■ **Data**
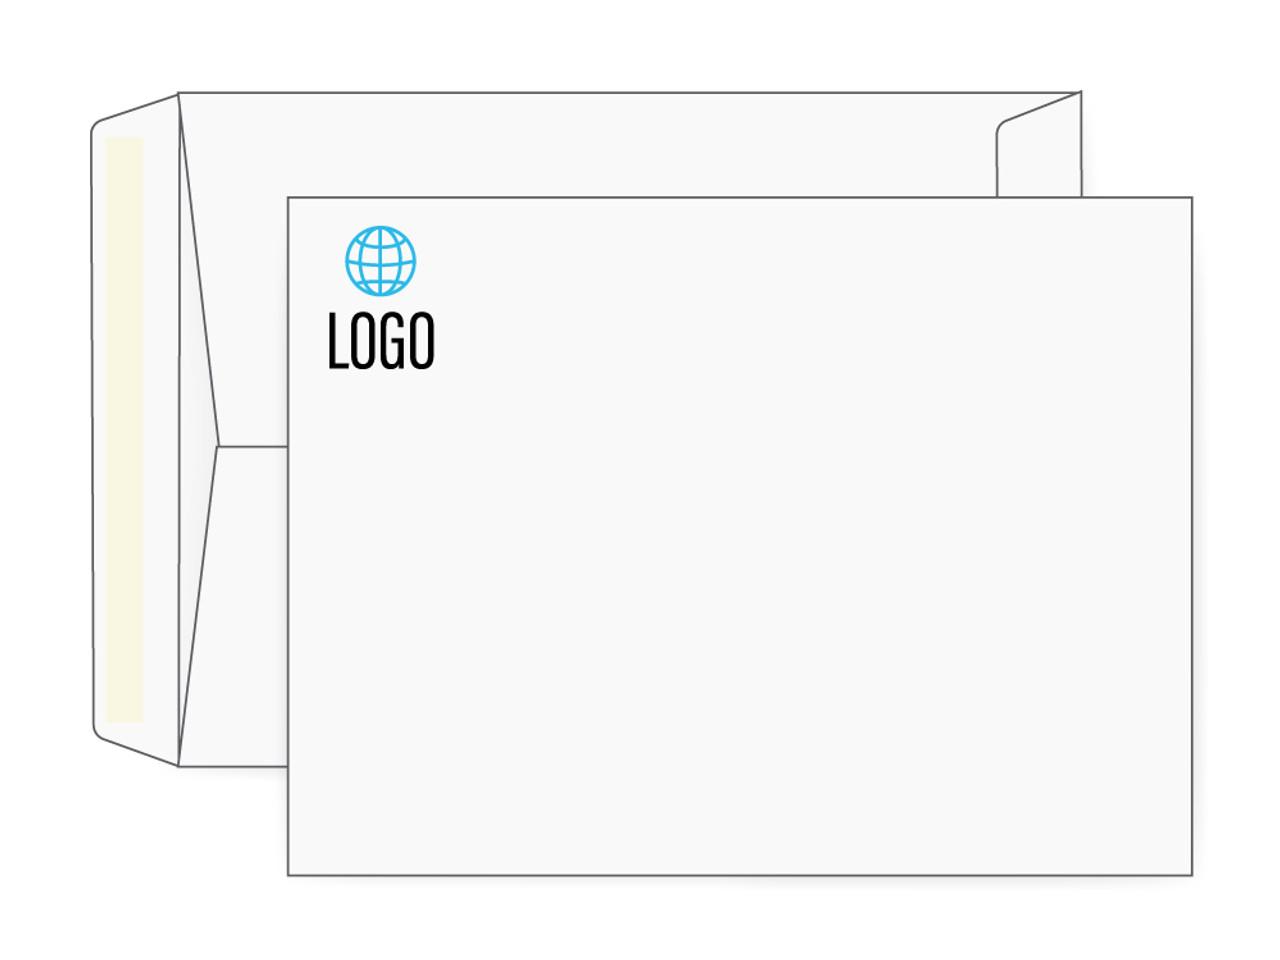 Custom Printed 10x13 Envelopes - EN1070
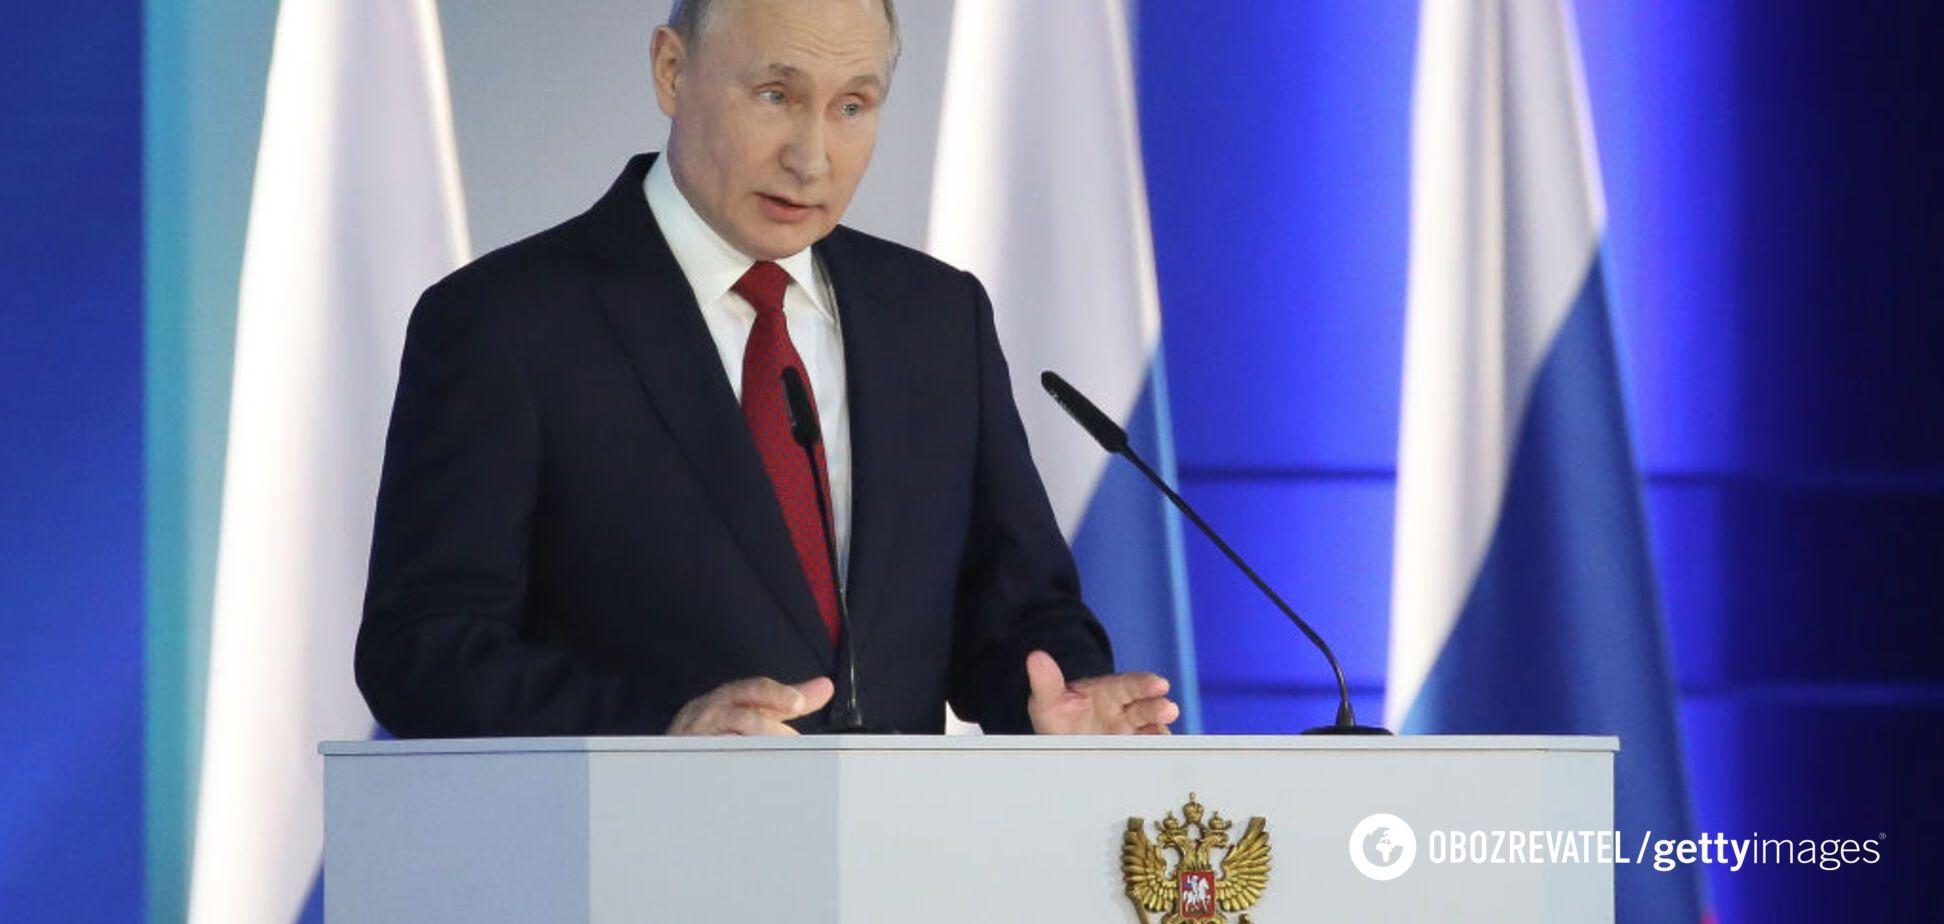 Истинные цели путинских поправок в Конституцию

...

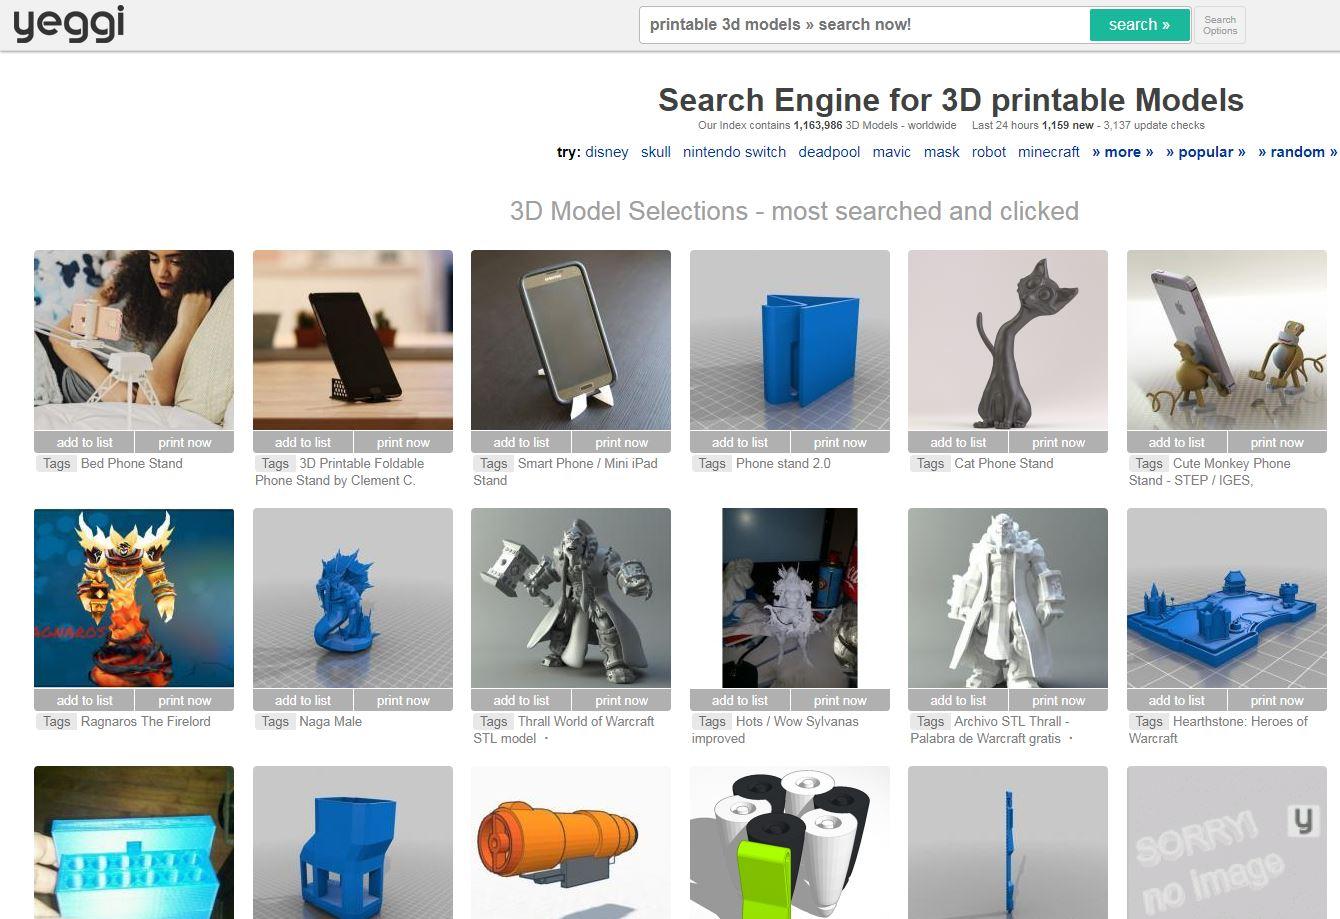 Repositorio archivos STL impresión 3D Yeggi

■ **Try it**
Reproduce exactly the lines of the data above that run from the line with "Custom Printed 10x13 Envelopes - EN1070" down to the line with "Истинные цели путинских", both ends included. Pictures do not belong in the copy.

■ **Task result**
 Custom Printed 10x13 Envelopes - EN1070
 Истинные цели путинских поправок в Конституцию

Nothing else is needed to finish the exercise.